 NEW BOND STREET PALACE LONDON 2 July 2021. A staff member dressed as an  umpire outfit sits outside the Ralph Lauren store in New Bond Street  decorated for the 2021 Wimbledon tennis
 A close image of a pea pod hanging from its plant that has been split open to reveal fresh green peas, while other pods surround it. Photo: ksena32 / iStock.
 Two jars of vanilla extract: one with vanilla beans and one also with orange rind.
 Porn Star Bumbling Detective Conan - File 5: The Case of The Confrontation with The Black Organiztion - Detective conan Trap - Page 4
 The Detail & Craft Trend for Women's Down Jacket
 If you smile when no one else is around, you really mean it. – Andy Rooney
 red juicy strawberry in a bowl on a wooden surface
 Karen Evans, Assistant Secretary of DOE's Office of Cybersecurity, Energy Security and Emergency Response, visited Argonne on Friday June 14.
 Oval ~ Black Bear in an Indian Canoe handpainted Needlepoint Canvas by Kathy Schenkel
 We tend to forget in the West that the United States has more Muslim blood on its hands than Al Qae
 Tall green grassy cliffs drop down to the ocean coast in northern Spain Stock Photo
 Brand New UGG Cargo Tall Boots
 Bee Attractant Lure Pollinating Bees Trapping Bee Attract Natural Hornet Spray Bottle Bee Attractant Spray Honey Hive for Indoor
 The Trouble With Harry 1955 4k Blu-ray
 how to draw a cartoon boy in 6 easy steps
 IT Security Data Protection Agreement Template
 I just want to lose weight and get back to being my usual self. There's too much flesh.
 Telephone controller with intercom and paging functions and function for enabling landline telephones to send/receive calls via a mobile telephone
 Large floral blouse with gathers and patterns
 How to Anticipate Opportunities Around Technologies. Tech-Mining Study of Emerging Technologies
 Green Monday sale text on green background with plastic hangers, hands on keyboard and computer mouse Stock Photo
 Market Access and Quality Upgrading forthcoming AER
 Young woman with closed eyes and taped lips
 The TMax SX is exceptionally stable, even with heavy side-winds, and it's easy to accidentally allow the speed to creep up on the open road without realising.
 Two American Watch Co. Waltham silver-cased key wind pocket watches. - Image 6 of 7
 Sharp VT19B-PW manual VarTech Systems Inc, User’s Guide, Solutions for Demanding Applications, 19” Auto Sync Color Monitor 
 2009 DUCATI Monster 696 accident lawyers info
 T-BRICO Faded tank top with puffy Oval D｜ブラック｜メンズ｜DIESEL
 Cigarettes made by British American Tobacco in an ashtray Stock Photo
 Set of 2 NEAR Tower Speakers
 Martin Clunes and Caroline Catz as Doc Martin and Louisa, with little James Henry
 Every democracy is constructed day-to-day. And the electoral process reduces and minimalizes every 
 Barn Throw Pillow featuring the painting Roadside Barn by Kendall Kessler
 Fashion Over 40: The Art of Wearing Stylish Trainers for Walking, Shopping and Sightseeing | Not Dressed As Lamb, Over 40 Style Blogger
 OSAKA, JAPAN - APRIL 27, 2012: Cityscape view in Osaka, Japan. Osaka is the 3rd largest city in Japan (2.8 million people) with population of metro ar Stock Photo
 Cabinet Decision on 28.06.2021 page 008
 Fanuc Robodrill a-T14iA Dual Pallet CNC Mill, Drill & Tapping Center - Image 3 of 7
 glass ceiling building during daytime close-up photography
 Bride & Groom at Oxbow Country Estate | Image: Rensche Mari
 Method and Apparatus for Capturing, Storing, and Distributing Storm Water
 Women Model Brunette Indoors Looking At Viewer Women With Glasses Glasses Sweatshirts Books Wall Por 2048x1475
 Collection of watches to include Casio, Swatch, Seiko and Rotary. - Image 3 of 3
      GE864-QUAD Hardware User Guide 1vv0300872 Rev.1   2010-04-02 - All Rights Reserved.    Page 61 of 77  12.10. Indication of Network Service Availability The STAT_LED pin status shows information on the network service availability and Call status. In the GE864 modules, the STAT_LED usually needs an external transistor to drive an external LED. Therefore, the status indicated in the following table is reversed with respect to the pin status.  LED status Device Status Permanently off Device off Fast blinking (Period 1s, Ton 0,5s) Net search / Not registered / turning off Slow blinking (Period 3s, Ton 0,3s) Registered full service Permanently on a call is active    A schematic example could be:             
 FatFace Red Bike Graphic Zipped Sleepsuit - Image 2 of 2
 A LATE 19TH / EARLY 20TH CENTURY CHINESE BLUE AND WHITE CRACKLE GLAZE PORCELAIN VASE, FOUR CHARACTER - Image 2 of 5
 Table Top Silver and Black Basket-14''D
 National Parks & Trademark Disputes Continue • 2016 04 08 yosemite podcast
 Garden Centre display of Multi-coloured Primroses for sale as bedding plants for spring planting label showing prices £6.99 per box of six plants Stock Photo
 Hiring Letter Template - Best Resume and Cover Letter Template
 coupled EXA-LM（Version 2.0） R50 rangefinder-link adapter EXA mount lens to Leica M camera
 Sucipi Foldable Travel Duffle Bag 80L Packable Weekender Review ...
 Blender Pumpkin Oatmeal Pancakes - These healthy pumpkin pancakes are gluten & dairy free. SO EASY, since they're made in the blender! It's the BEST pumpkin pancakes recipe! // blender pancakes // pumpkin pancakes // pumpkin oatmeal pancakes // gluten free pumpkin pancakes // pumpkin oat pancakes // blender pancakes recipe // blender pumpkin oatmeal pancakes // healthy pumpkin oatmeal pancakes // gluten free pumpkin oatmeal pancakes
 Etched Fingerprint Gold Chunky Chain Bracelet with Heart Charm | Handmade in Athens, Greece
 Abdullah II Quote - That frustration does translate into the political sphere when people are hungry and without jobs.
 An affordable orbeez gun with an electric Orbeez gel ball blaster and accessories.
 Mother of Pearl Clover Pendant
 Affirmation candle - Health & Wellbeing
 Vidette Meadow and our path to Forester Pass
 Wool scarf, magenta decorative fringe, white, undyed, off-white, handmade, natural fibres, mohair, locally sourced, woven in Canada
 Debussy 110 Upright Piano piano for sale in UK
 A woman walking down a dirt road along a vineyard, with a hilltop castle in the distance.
━━━━━━━━
* [THE TASK] Set down, exactly as they stand above, the lines starting with the line with "The Trouble With Harry 1955 4k Blu-ray" and going on through the line with "Sharp VT19B-PW manual", and no others.

* [SOLUTION TO THIS TASK]
 The Trouble With Harry 1955 4k Blu-ray
 how to draw a cartoon boy in 6 easy steps
 IT Security Data Protection Agreement Template
 I just want to lose weight and get back to being my usual self. There's too much flesh.
 Telephone controller with intercom and paging functions and function for enabling landline telephones to send/receive calls via a mobile telephone
 Large floral blouse with gathers and patterns
 How to Anticipate Opportunities Around Technologies. Tech-Mining Study of Emerging Technologies
 Green Monday sale text on green background with plastic hangers, hands on keyboard and computer mouse Stock Photo
 Market Access and Quality Upgrading forthcoming AER
 Young woman with closed eyes and taped lips
 The TMax SX is exceptionally stable, even with heavy side-winds, and it's easy to accidentally allow the speed to creep up on the open road without realising.
 Two American Watch Co. Waltham silver-cased key wind pocket watches. - Image 6 of 7
 Sharp VT19B-PW manual VarTech Systems Inc, User’s Guide, Solutions for Demanding Applications, 19” Auto Sync Color Monitor 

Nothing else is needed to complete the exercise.